**Problem to work on**
Having located the line with "[直播结束] 知识产权司法服务保障营商环境建设新闻发布会", print it and each remaining line exactly, stopping at the end of the material and omitting pictures.

**Supplied material**

____

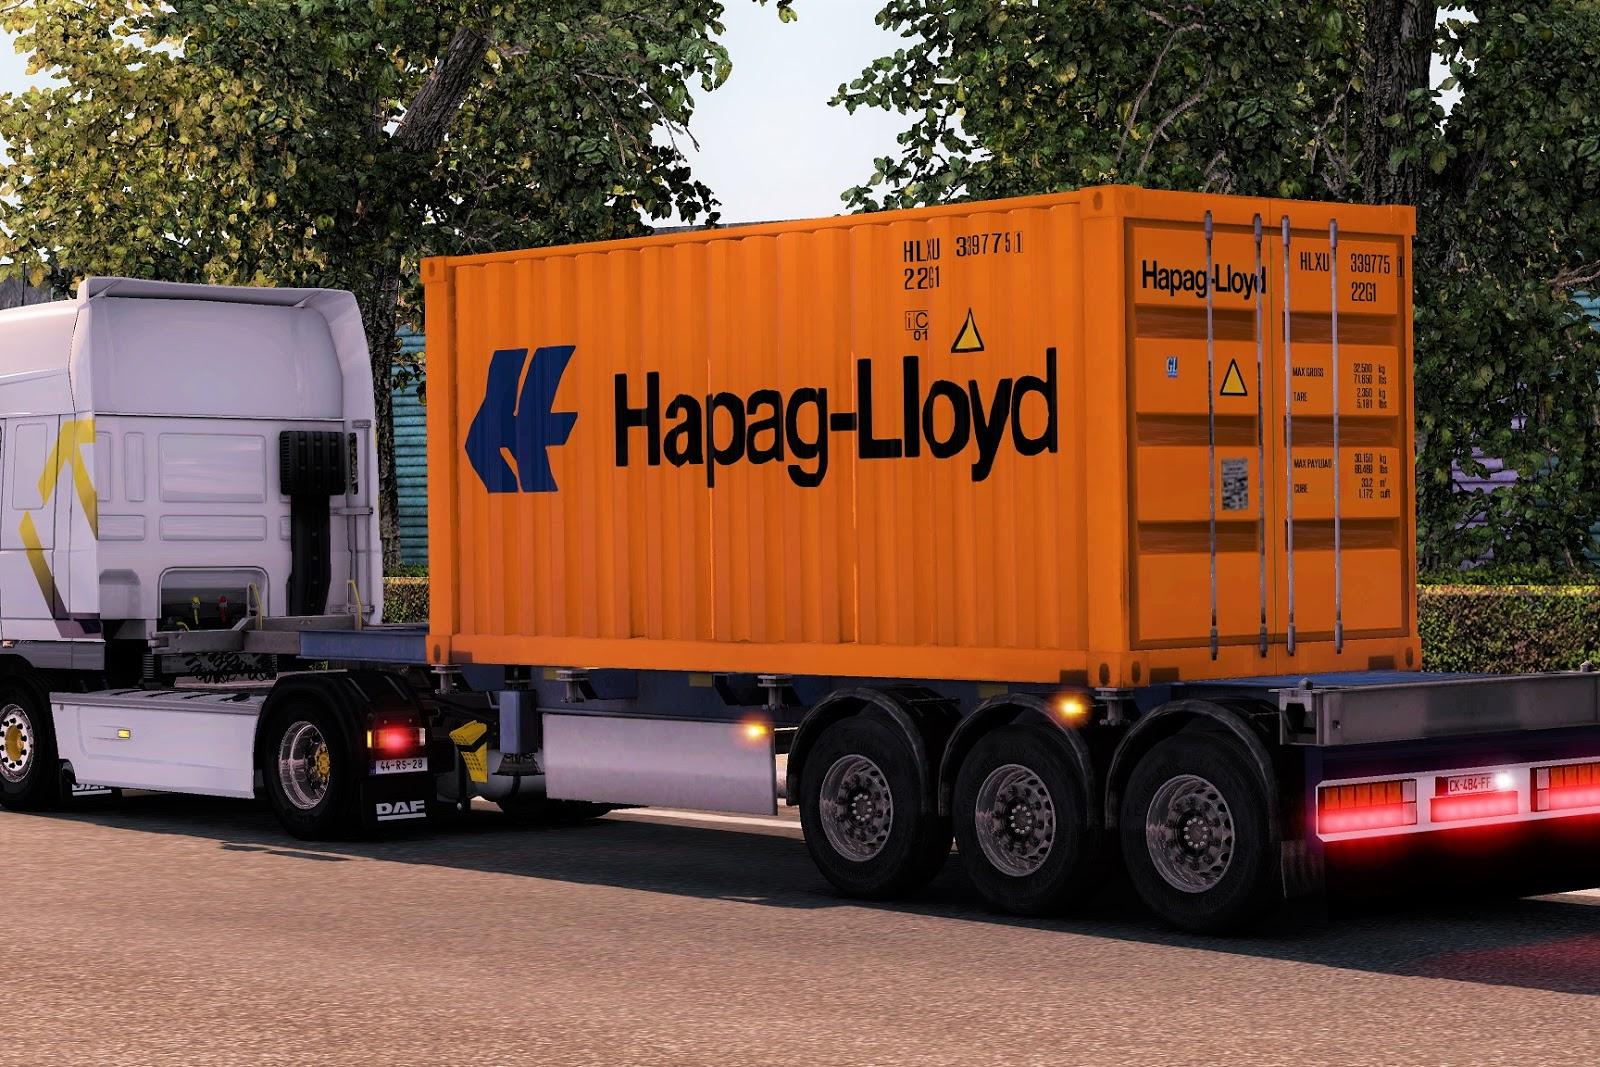 Silva ETS2 Mods: Pack Essencial de Contentores: Hapag-Lloyd
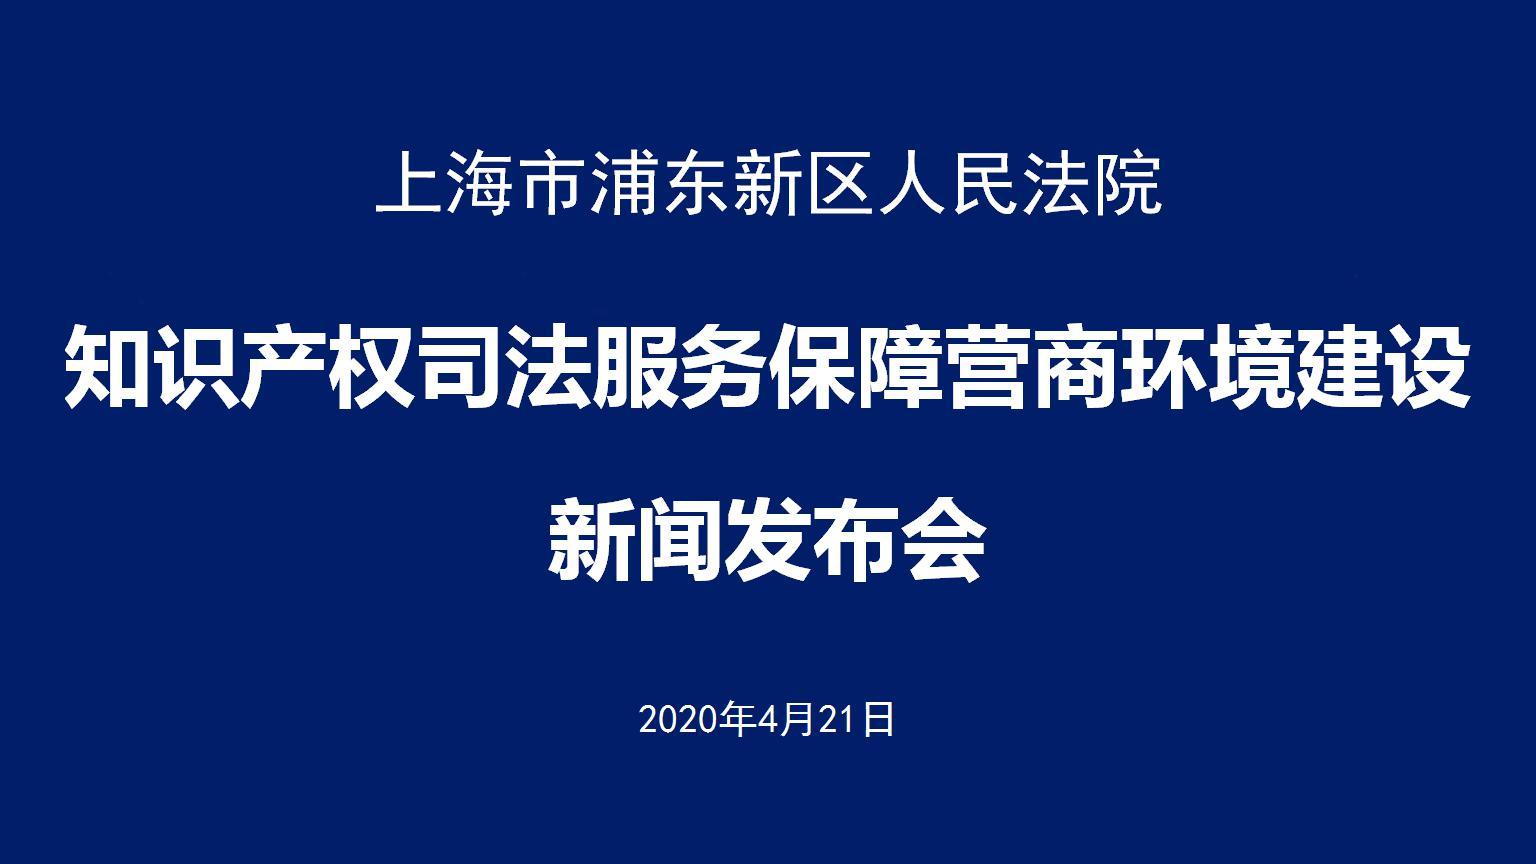 [直播结束] 知识产权司法服务保障营商环境建设新闻发布会
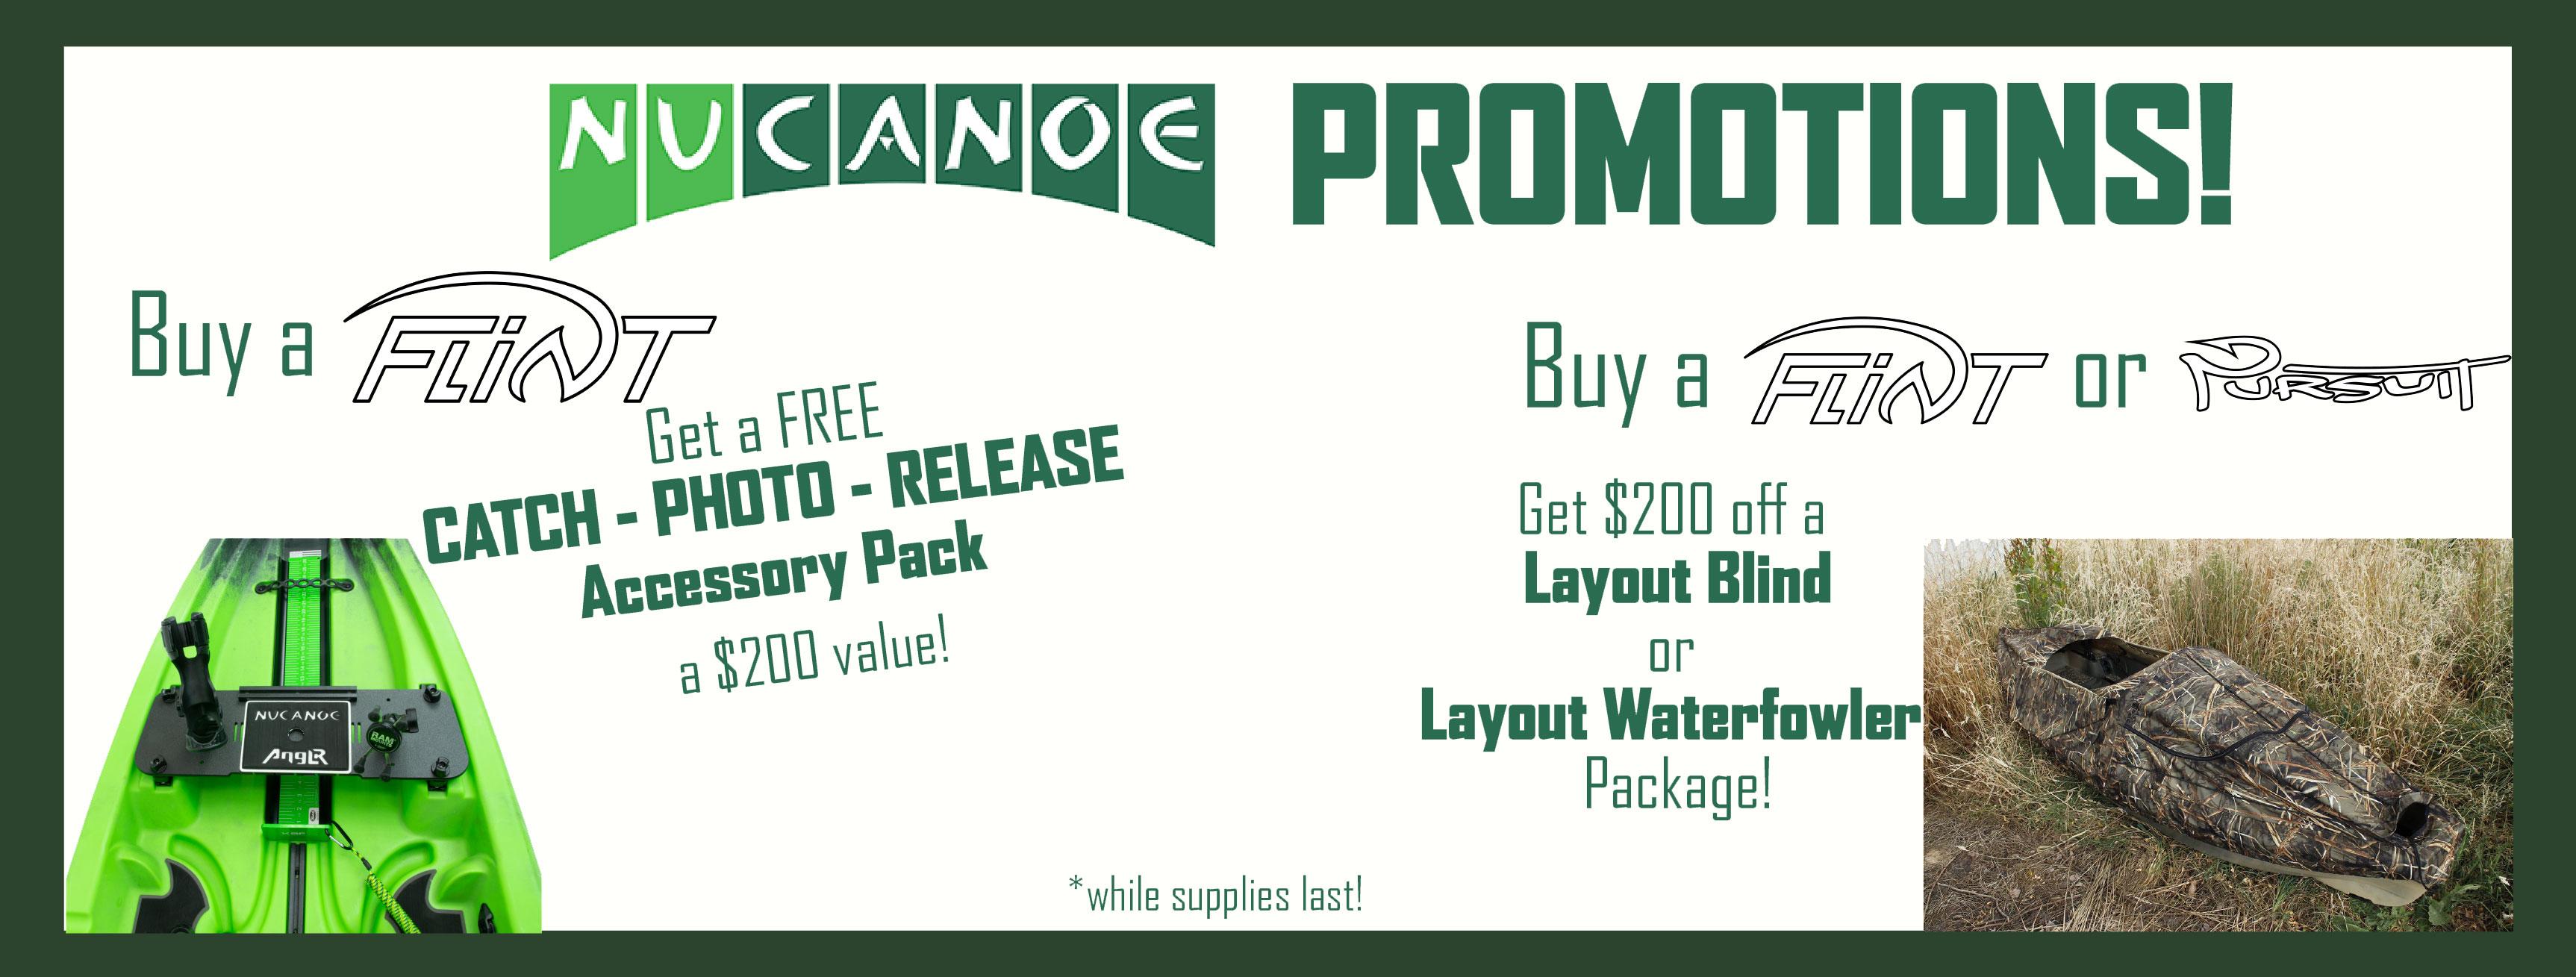 Nucanoe Promotions

____

**Exercise response**
 [直播结束] 知识产权司法服务保障营商环境建设新闻发布会
 Nucanoe Promotions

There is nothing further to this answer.